Adamo had dressed down to his role as a poverty-stricken truck driver. He wore a white shirt with a short red tie and pair of gray wool trousers held up by suspenders. His vanity hadn’t allowed him to let his grooming go, however. His jet-black hair and waxed mustaches were carefully combed into place.
“Five minutes,” O’Toole said, and walked back down the corridor.
Adamo looked up from his pad and gave me a quizzical look. “Mr. Anderson. What brings you out on this fine morning?”
I pushed down my revulsion and said as neutrally as I could, “I think we can help each other.”
He set the pad on the cot, rose, and met me by the bars. An amused expression on his face, he said, “And just how are we going to do that?”

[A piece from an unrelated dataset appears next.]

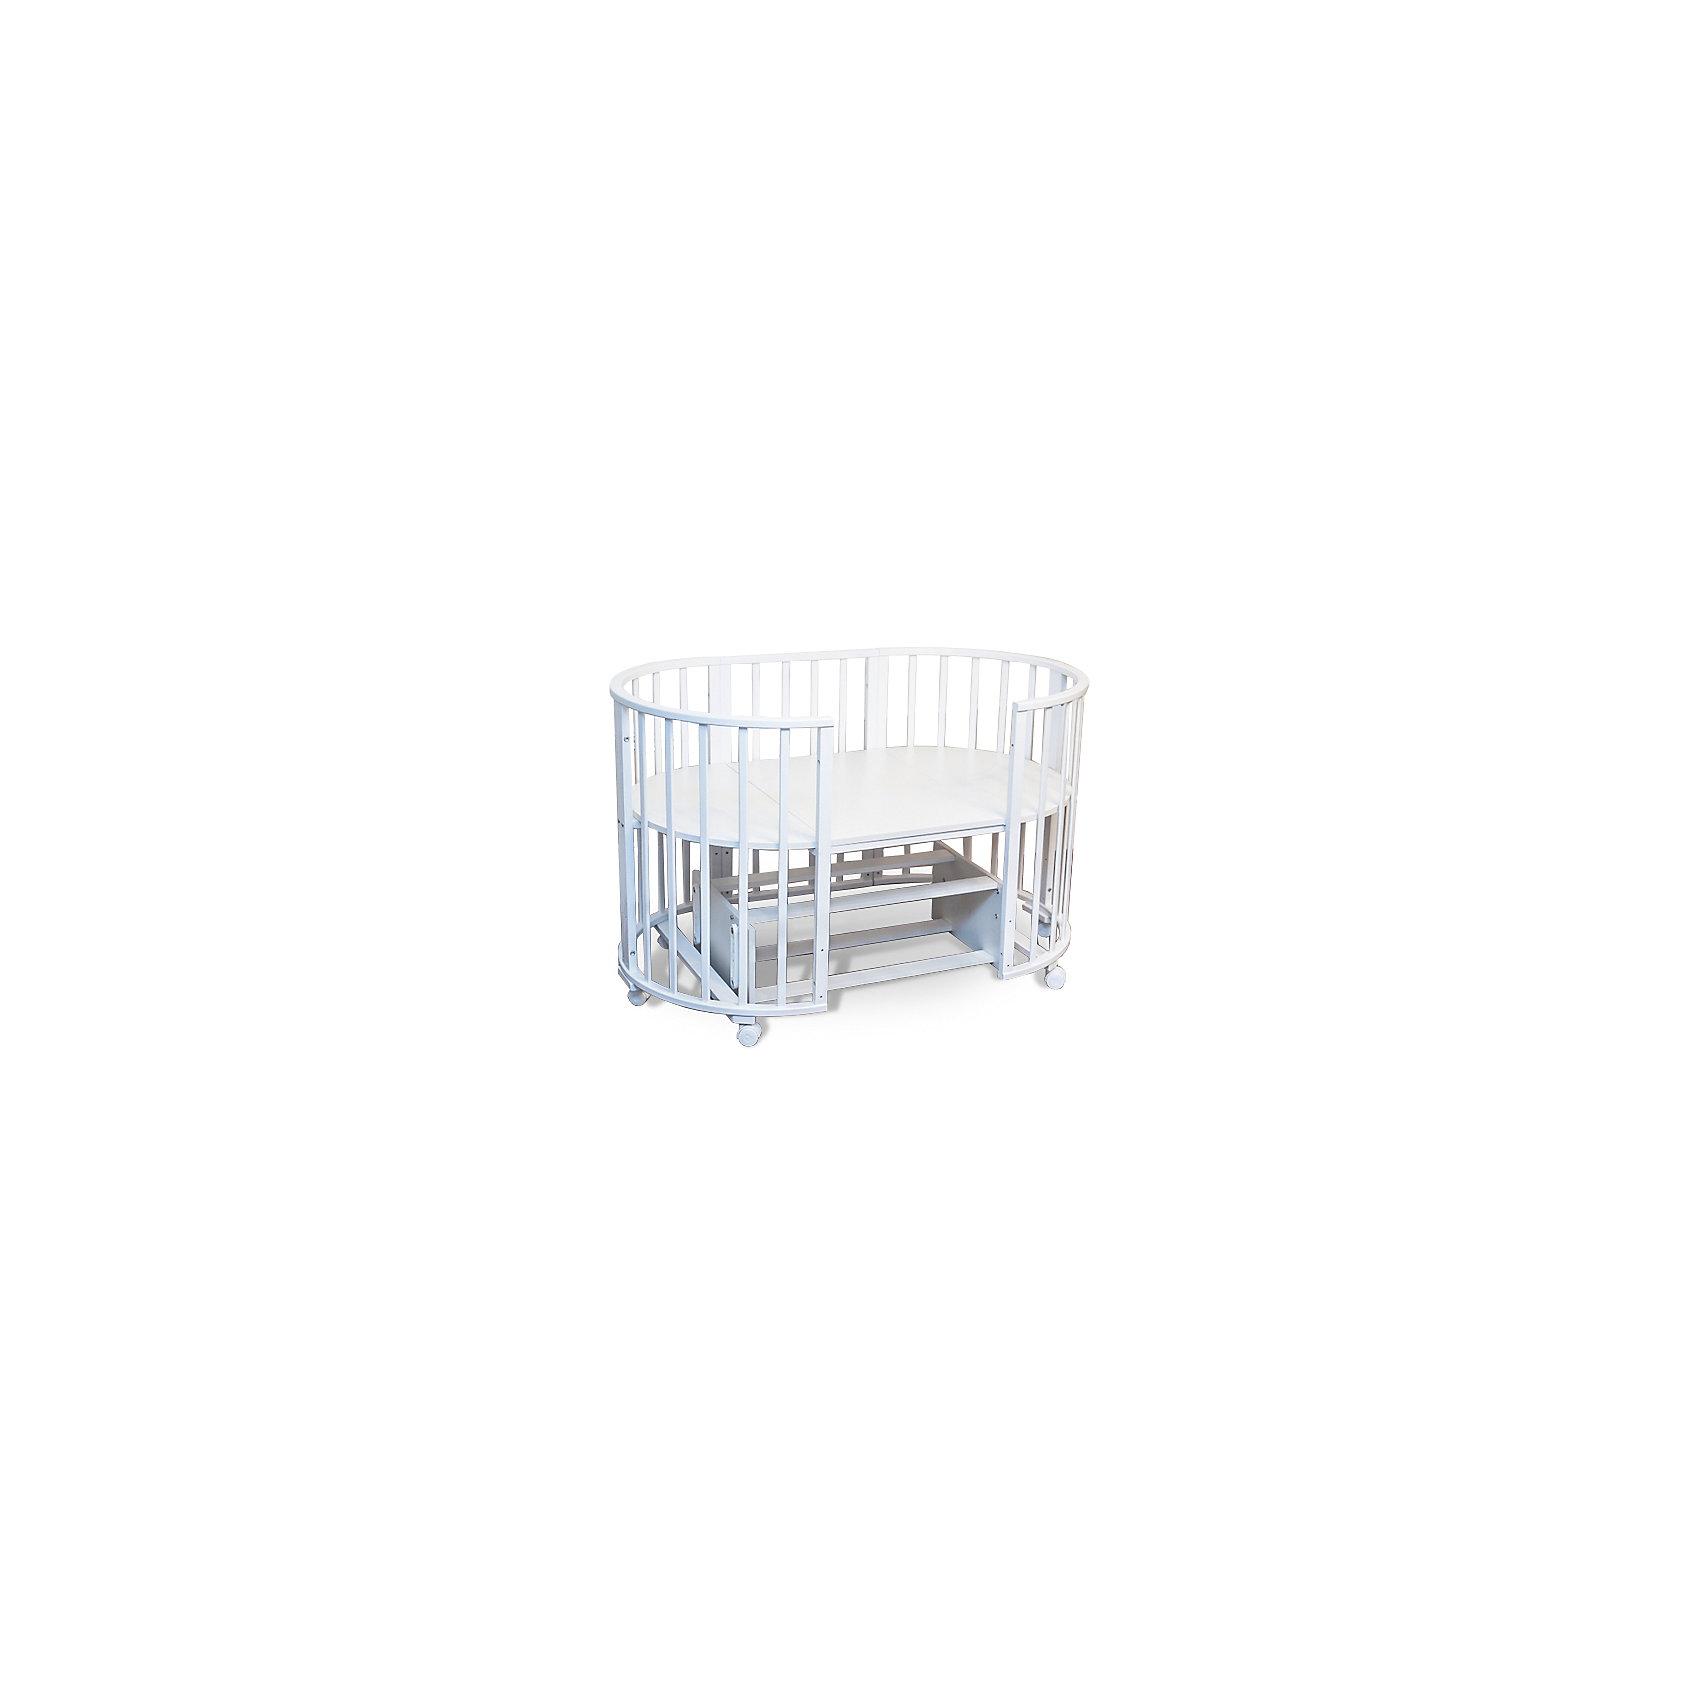 Кроватка-трансформер Delizia Bianco с маятником, Sweet Baby, белыйКроватки<br>Характеристики товара:<br><br>• цвет:  белый<br>• материал: дерево<br>• тип: трансформер 6 в 1<br>• съёмные колеса<br>• маятниковый механизм: поперечный<br>• размер спального места: 120х60 см<br>• 2 уровня ложа<br>• размер (ШхДхВ): 75х125х85 см<br><br>Кроватка-трансформер Delizia будет расти сместе с малышом. Кроватка не имеет острых углов.<br><br>Итальянский бренд Sweet Baby позаботился о комфортном сне вашего малыша благодаря плавному механизму качания поперечного маятника . <br>Кроватка оснащена специальными фиксаторами, которые приводят маятник в состояние покоя.<br><br>Два уровня ложа позволяют менять глубину кроватки по мере роста малыша, опускаемая планка поможет без труда дотянуться до малыша в кроватке.<br><br>Расстояние между рейками не дает возможность ребенку застрять между ними во время сна.<br><br>Кроватки для новорожденных SweetBaby обрабатываются нетоксичными лаками и красками, абсолютно безвредными для ребенка.<br><br>Варианты сборки:<br>• Круглая люлька (спальное место: диаметр 75см)<br>• Высота от пола до верхнего края - 85 см<br>• Овальная детская кровать (спальное место: 125х75см)<br>• Овальный диван.<br>• Манеж круглый или овальный.<br>• Стул и столик.<br><br>Кроватку-трансформер Delizia  Bianco с маятником, Sweet Baby можно купить в нашем интернет-магазине.<br><br>Ширина мм: 600<br>Глубина мм: 350<br>Высота мм: 800<br>Вес г: 28700<br>Возраст от месяцев: 0<br>Возраст до месяцев: 36<br>Пол: Унисекс<br>Возраст: Детский<br>SKU: 5583556
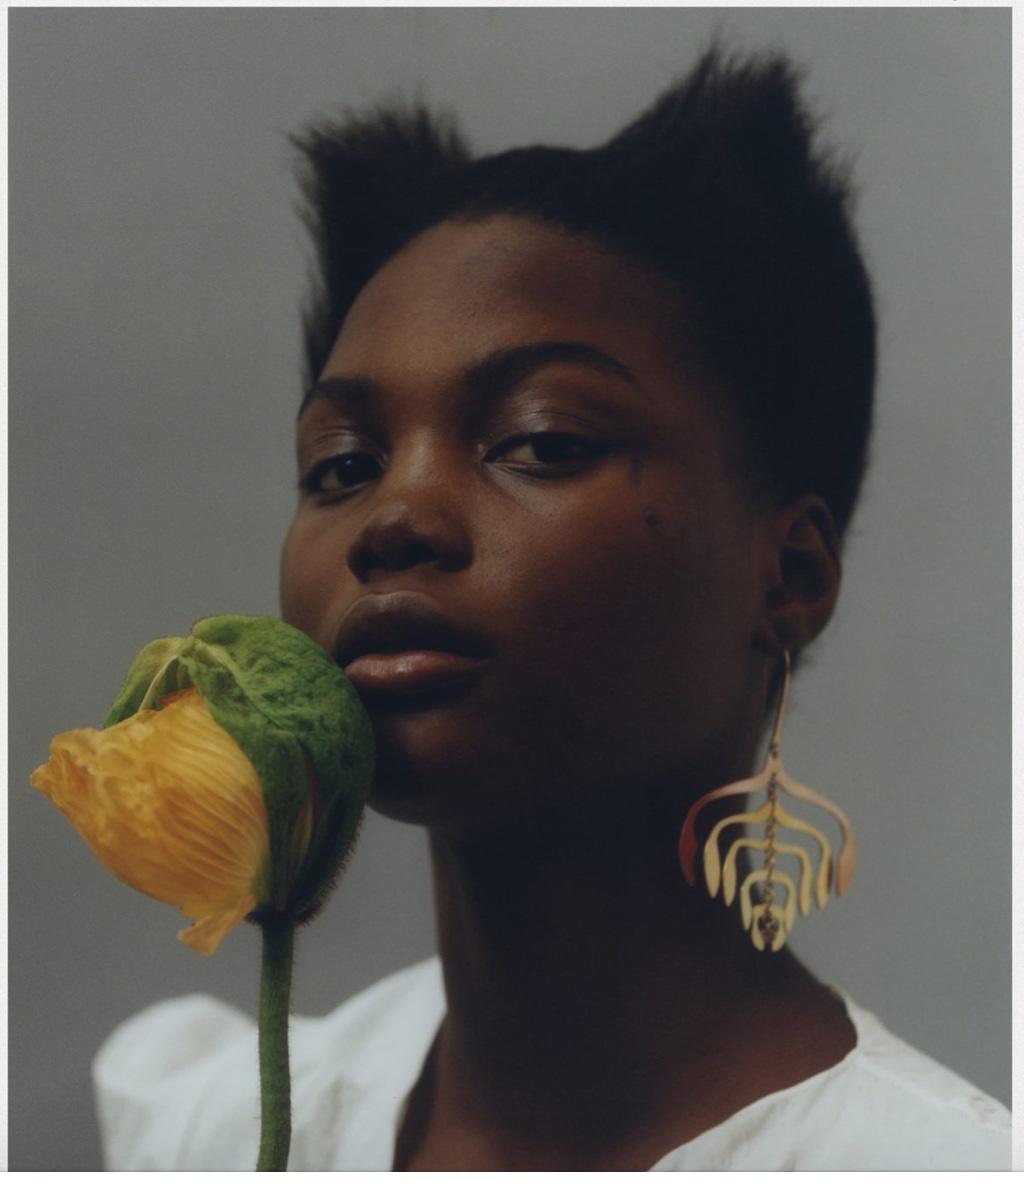 Botany Umbelliferous Earrings: Also Journal, Spring 2019  Flower Nation

“You want the Gianolla brothers dead,” I whispered. “So do I.”
He chuckled. “So you owe them for providing you with a patsy. And you don’t want to pay.”
“What—Esposito?”
He just raised his eyebrows.
“I didn’t ask them for anything. And I didn’t kill your man.”
“Please, do not lie to me. I am where you want me to be. Isn’t that enough?”
“But Esposito confessed. Why would he confess if he didn’t do it?”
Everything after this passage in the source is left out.